'''
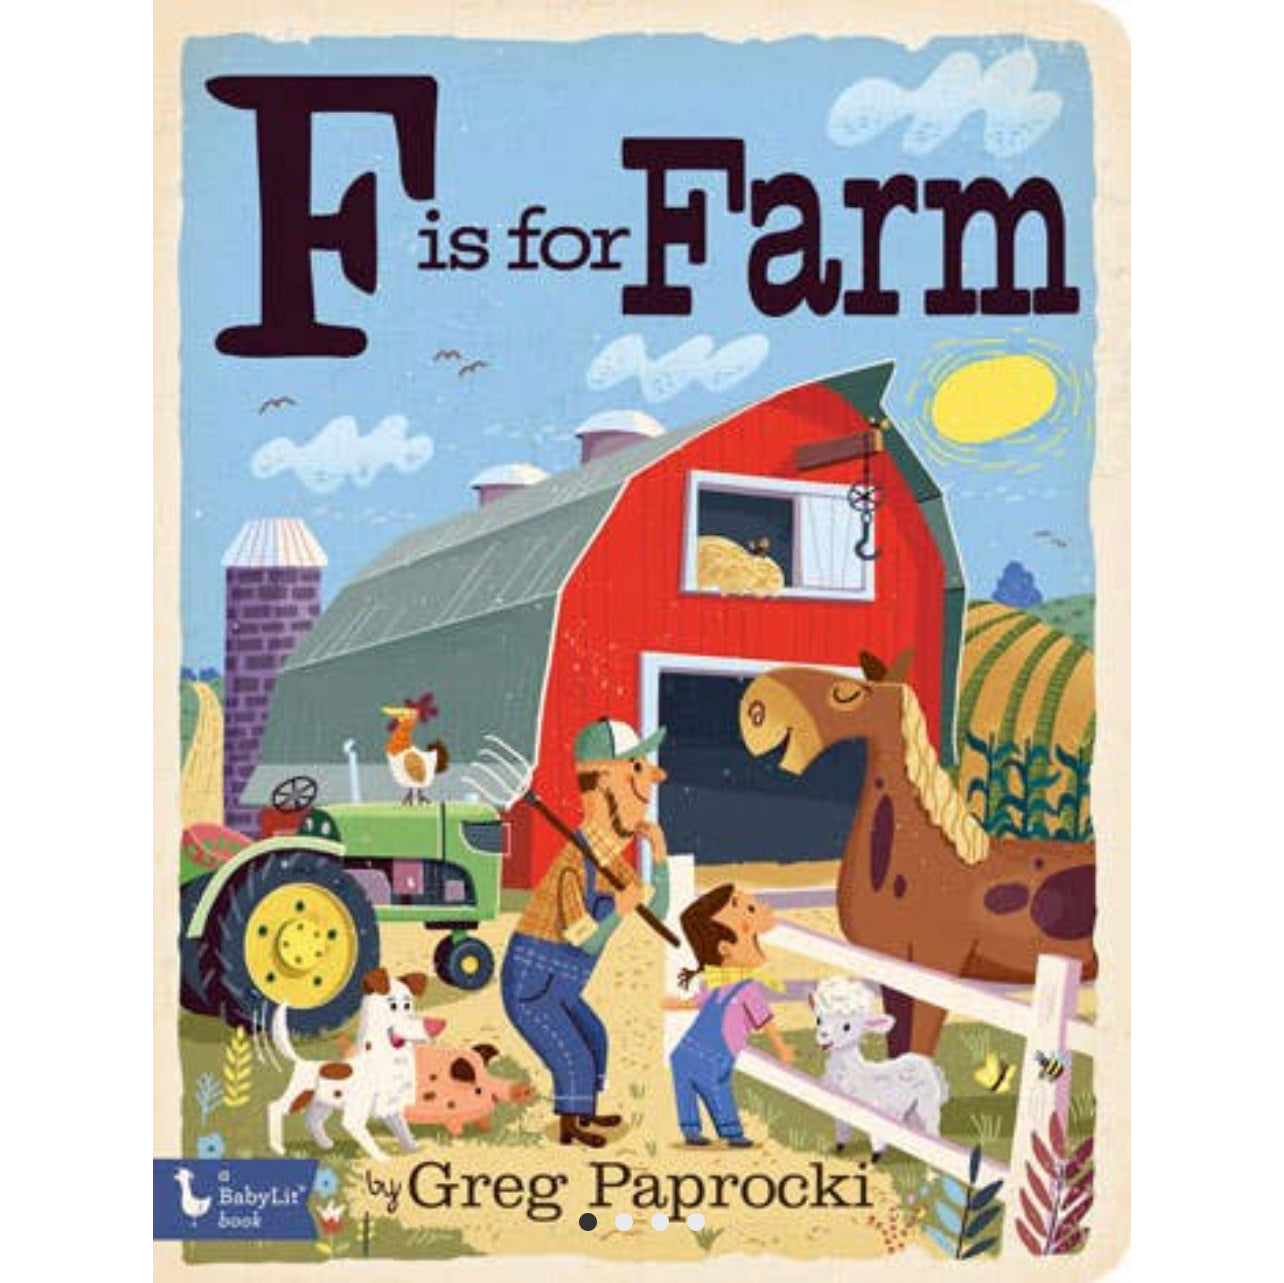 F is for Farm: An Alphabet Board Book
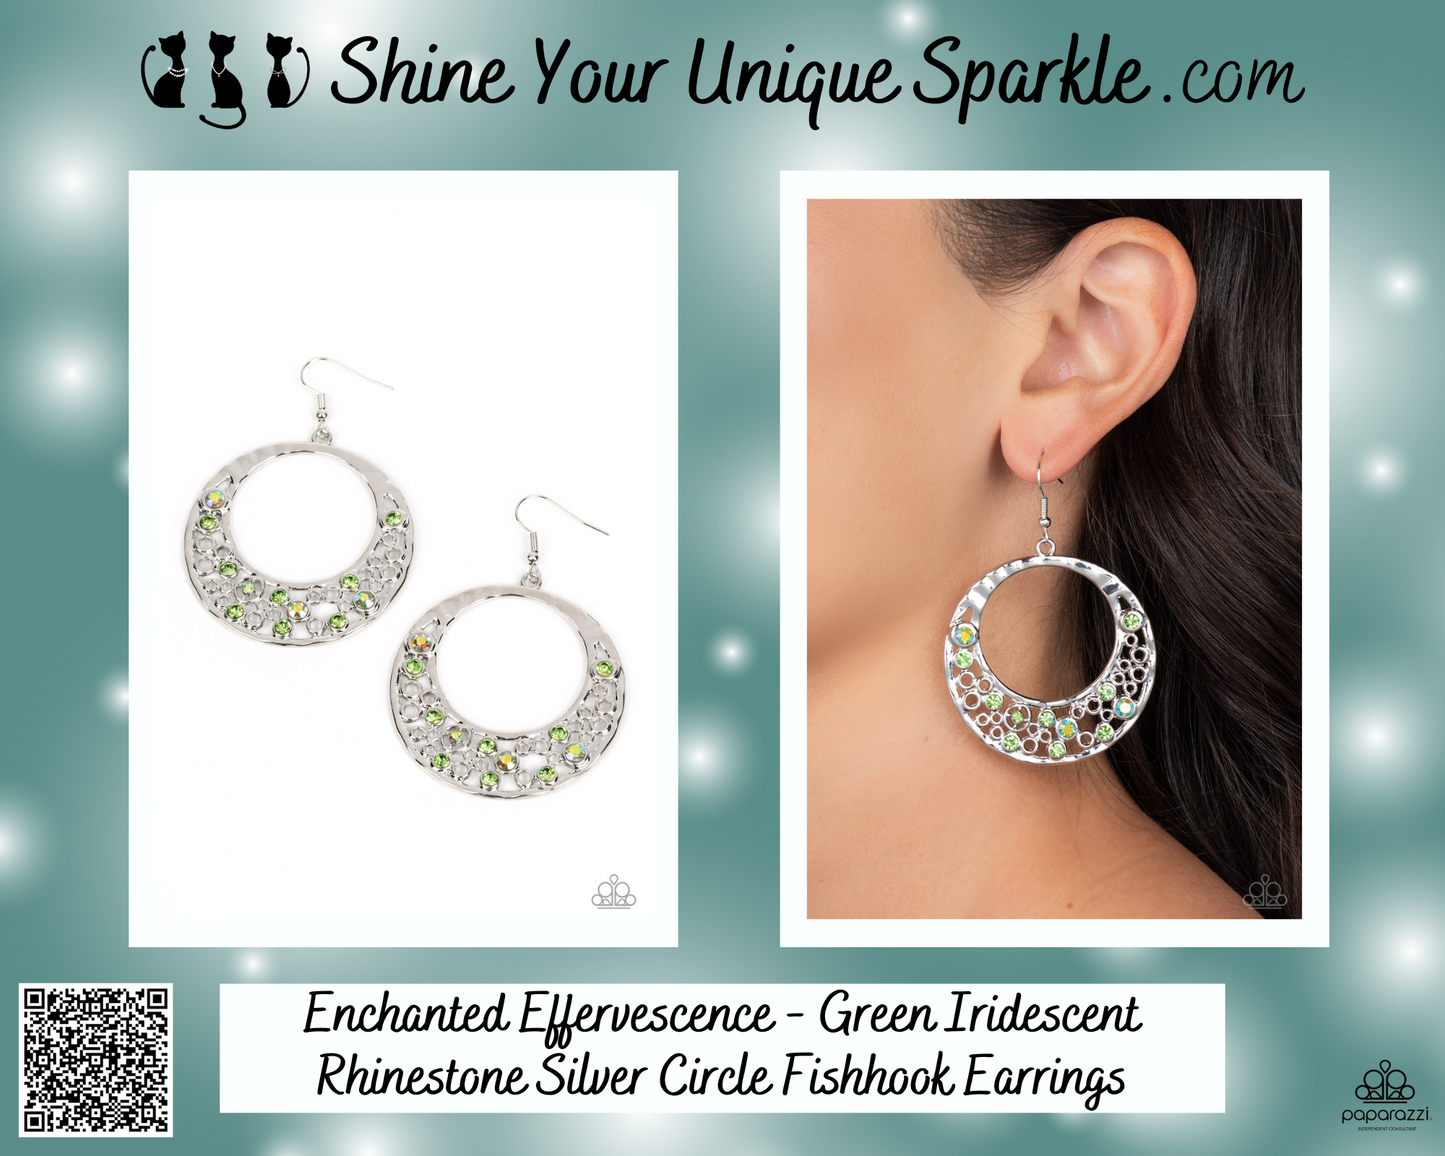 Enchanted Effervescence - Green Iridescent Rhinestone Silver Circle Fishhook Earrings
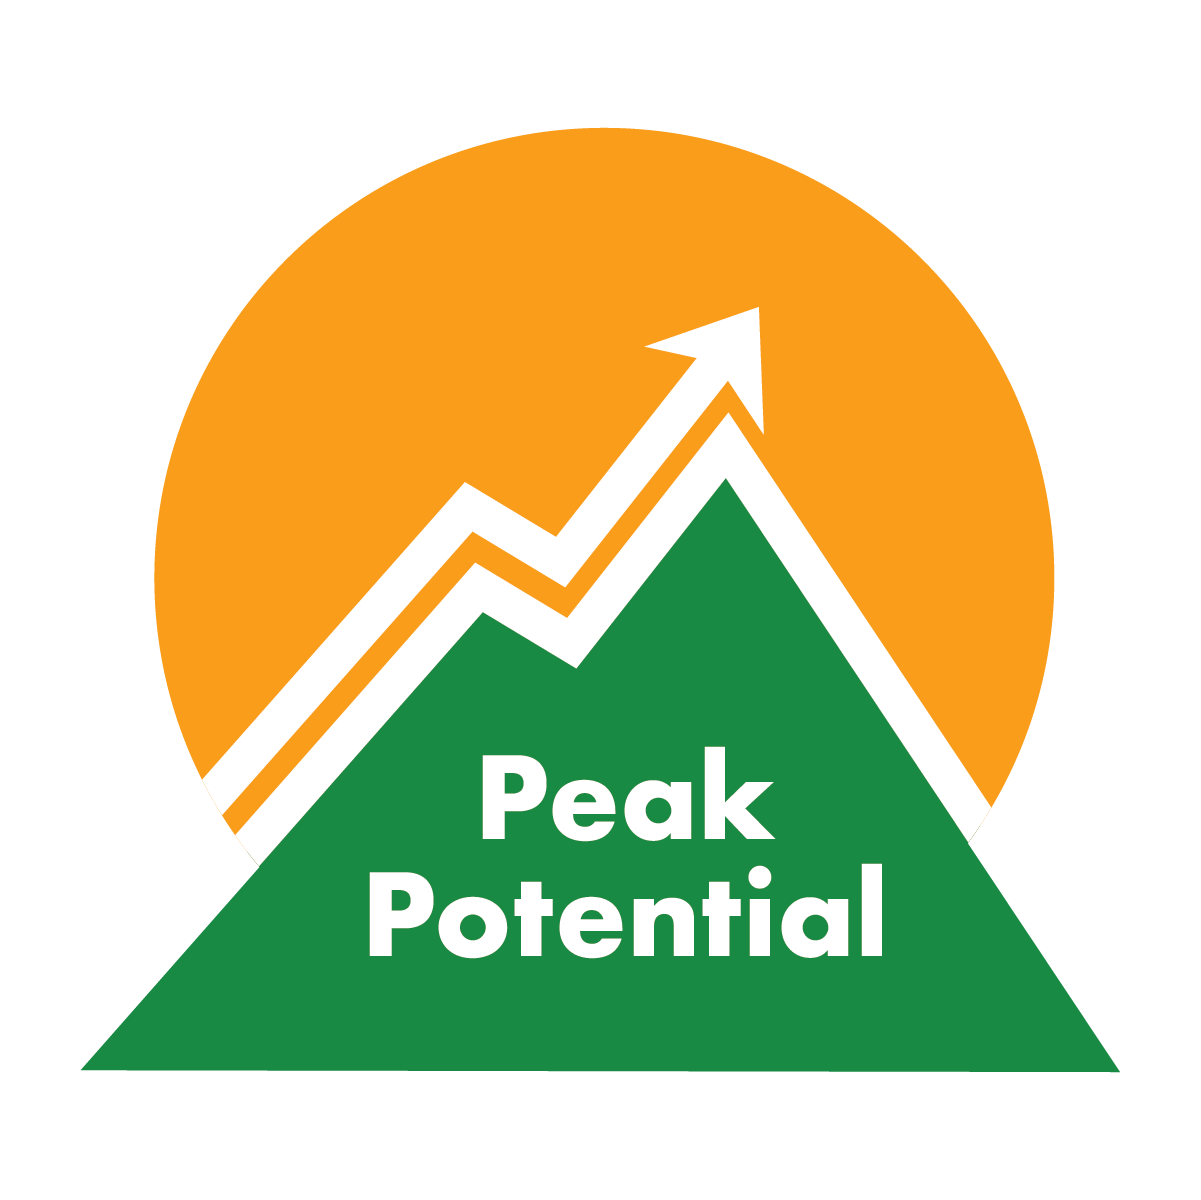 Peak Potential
'''
'''
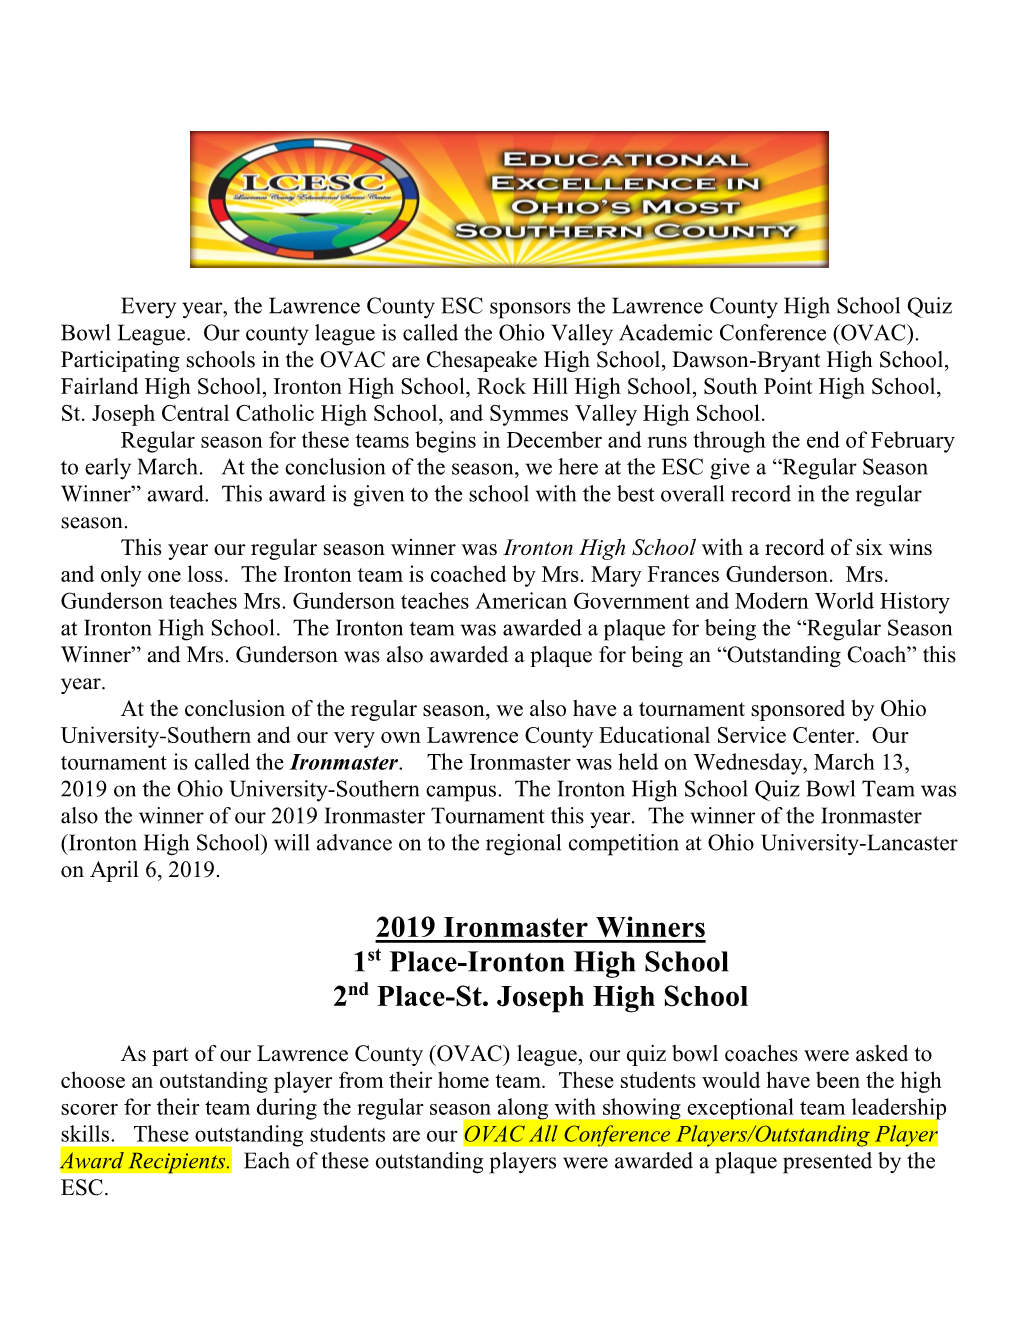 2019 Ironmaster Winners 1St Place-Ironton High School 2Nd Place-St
'''
'''
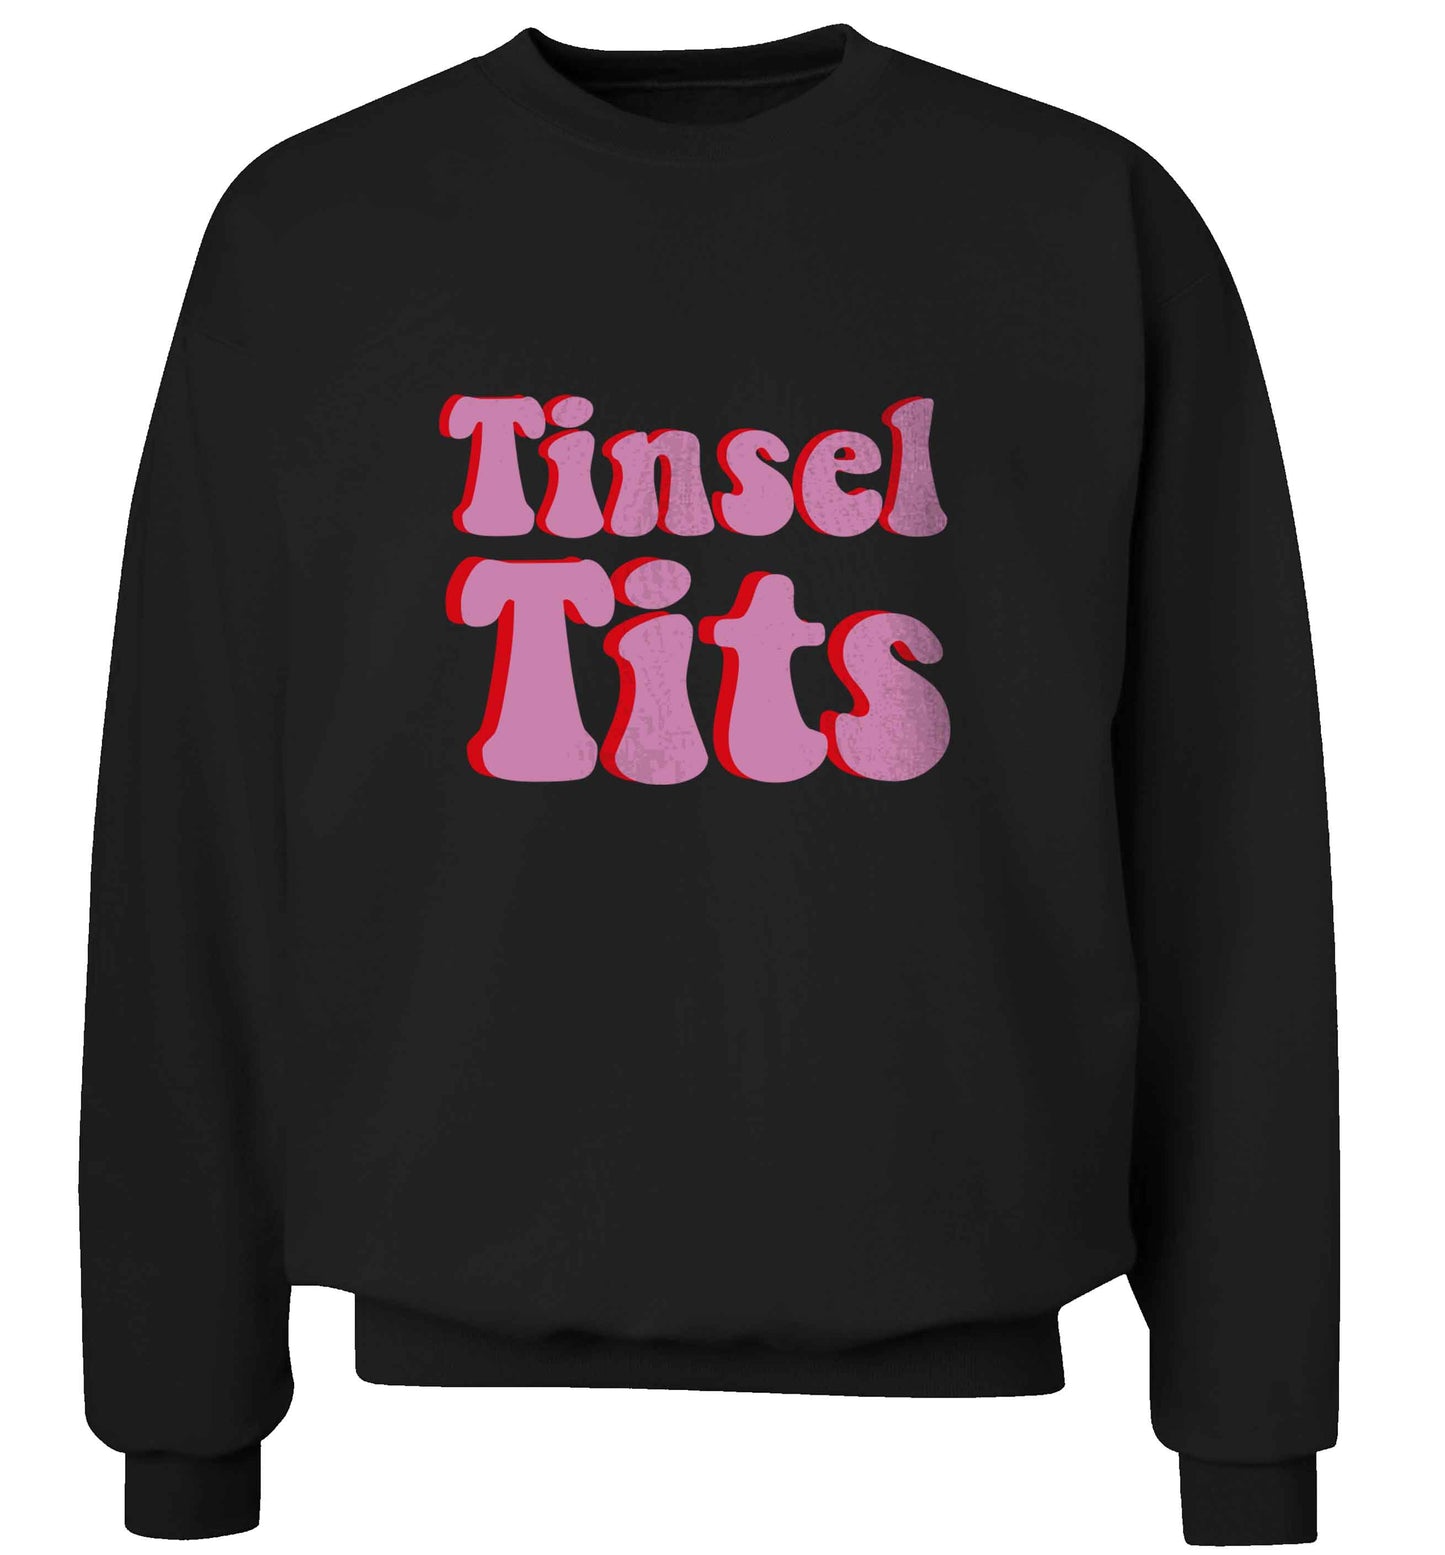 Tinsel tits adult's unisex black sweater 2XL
'''
--- Work task ---
In the records above, find the line with "Enchanted Effervescence - Green" and the line with "Peak Potential". Write out exactly those lines and every one between, with no pictures and no other lines.

--- The completed task ---
 Enchanted Effervescence - Green Iridescent Rhinestone Silver Circle Fishhook Earrings
 Peak Potential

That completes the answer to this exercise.